В Греции V века, в Афинах великих трагиков, человеческое жертвоприношение, видимо, исчезло не полностью. Оно продолжалось в форме «фармака», которого город содержал за свой счет, чтобы в нужный момент принести его в жертву, прежде всего во время бедствий. Греческая трагедия, если бы мы спросили ее об этом, могла бы сообщить довольно примечательные сведения.
Например, ясно, что миф о Медее параллелен на уровне человеческого жертвоприношения мифу об Аяксе на уровне жертвоприношения животного. В «Медее» Еврипида принцип замещения одного человека другим выступает в самой варварской форме.
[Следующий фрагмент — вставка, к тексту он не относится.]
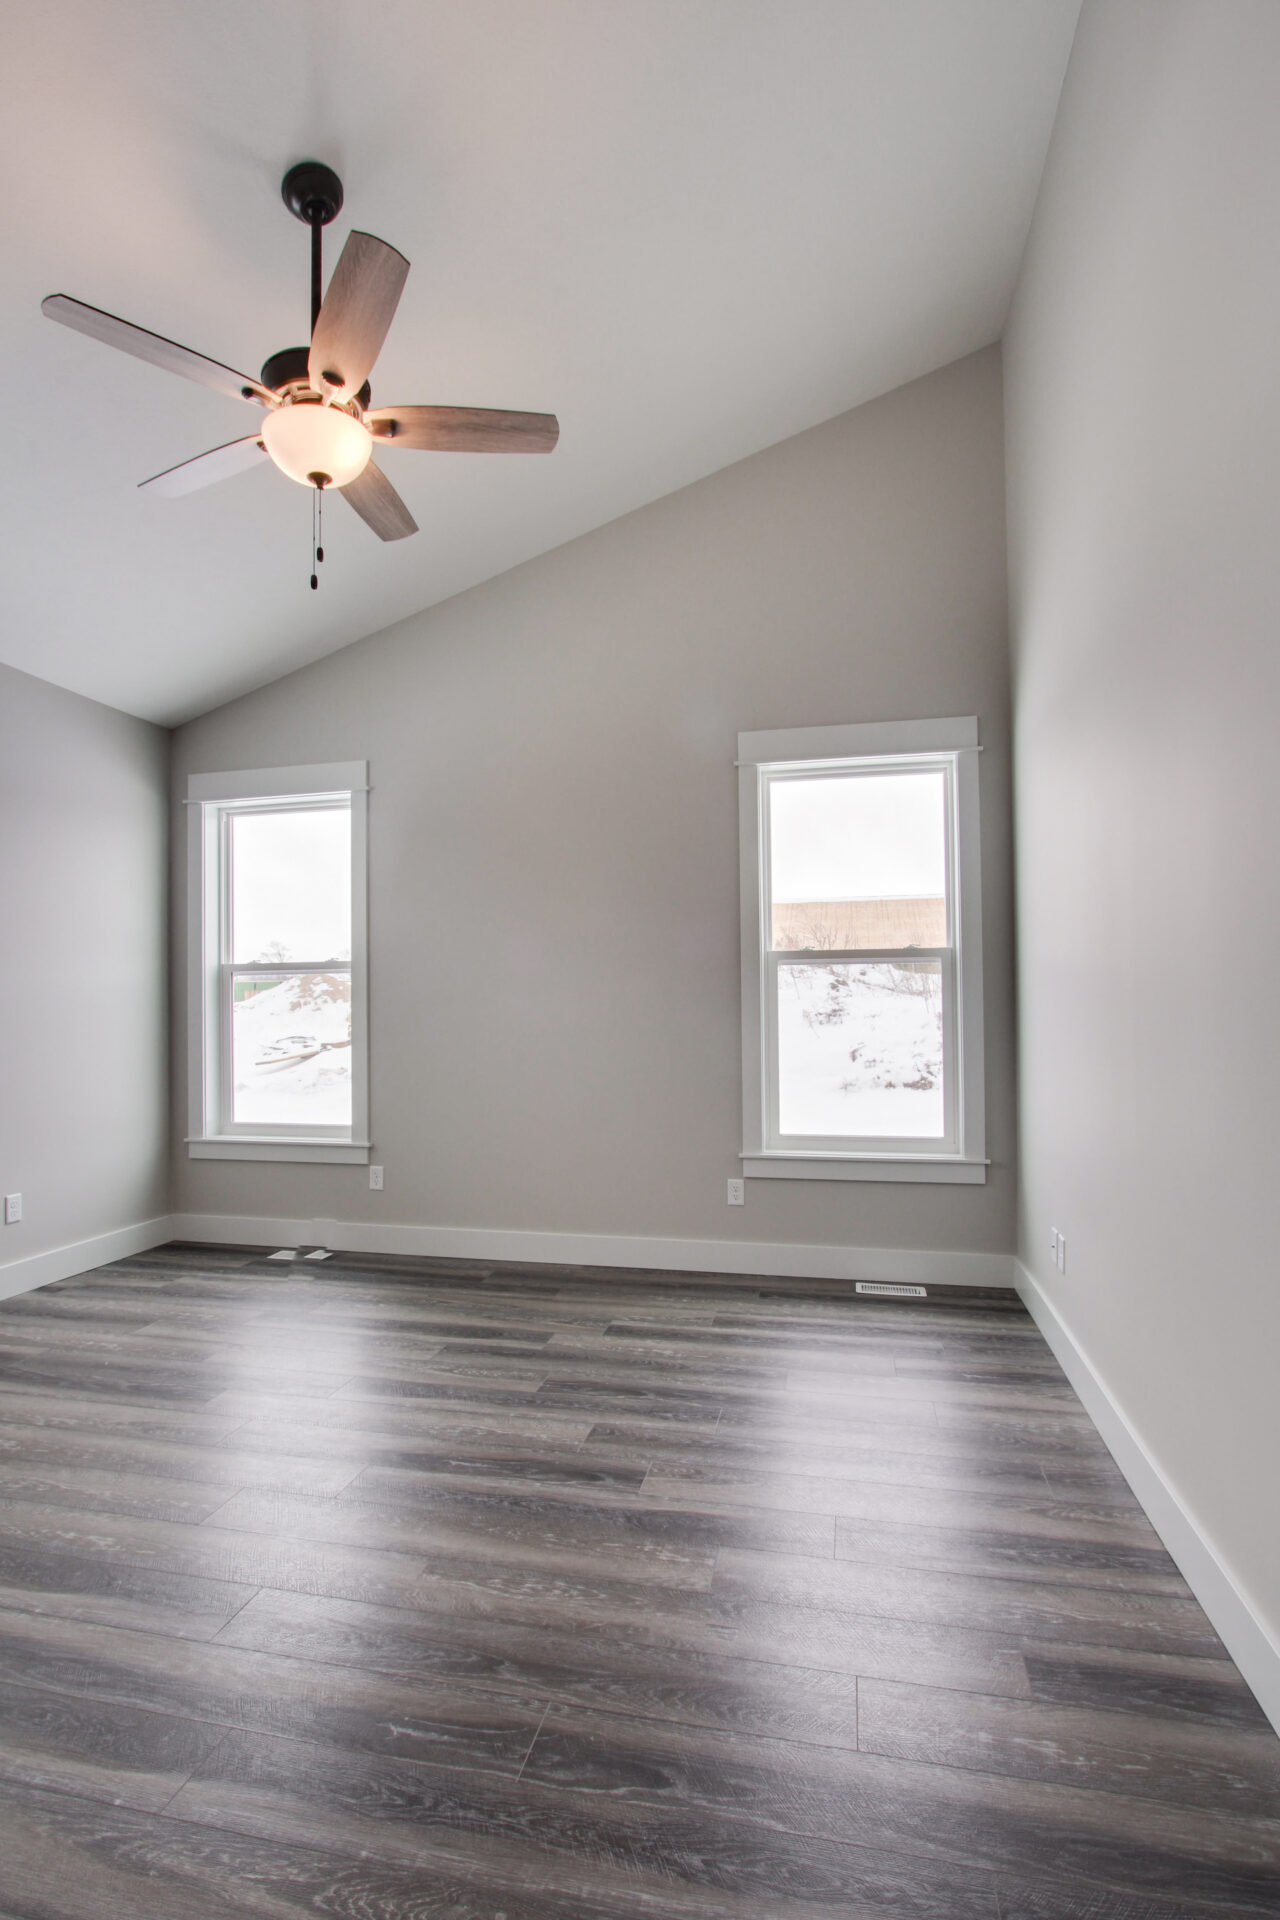 Light colour empty bedroom in a new construction house with a ceiling fan

Испуганная яростью Медеи, только что покинутой ее любовником [так!] Ясоном, кормилица просит дядьку держать детей подальше от матери:
А ты, старик, подальше
Держи детей от матери — она
Расстроена. Запечатлелась ярость
В ее чертах — и как бы на своих
Не вылилась она, увы! Не стихнет
Без жертвы гнев ее — я знаю. Только
Пускай бы враг то был, а не своя.
Подлинный предмет своей ненависти, находящийся вне досягаемости, Медея замещает собственными детьми. Могут возразить, что этот акт безумия несоизмерим с тем, что, по нашему мнению, можно отнести к сфере «религиозного». Но детоубийство легко поддается включению в рамки ритуала. Этот факт засвидетельствован слишком хорошо и в слишком многих культурах, включая греческую и иудейскую, чтобы можно было его не учитывать. Действия Медеи так же относятся к ритуальному детоубийству, как в мифе об Аяксе убийство скота — к животному жертвоприношению. Медея готовит смерть своих детей, как жрец — жертвоприношение. Перед убийством она произносит ритуальное предостережение, положенное по обычаю: призывает удалиться всех, кто своим присутствием мог бы помешать успеху обряда.
Медея, как и Аякс, возвращает нас к самой элементарной истине насилия: если оно не удовлетворено, то продолжает накапливаться, пока не перельется через край и не распространится с самыми ужасающими последствиями. Жертвоприношение пытается овладеть и направить в «нужном» направлении те спонтанные сдвиги и замещения, которые происходят при взрыве насилия.
В «Аяксе» Софокла некоторые детали подчеркивают тесное родство животного и человеческого замещения. Перед тем как накинуться на стадо, Аякс в какой-то момент выказывает намерение принести в жертву собственного сына. Мать относится к этой угрозе всерьез и удаляет ребенка.
В принципиальном анализе жертвоприношения нет причин отделять животные жертвы от человеческих. Если принцип жертвенного замещения основан на сходстве между актуальными и потенциальными жертвами, то не стоит бояться, что это условие не выполняется, если речь идет о человеке в обоих случаях. Не удивительно, что какие-то общества пытались ввести в систему приношение в жертву одних категорий людей, чтобы защитить другие категории.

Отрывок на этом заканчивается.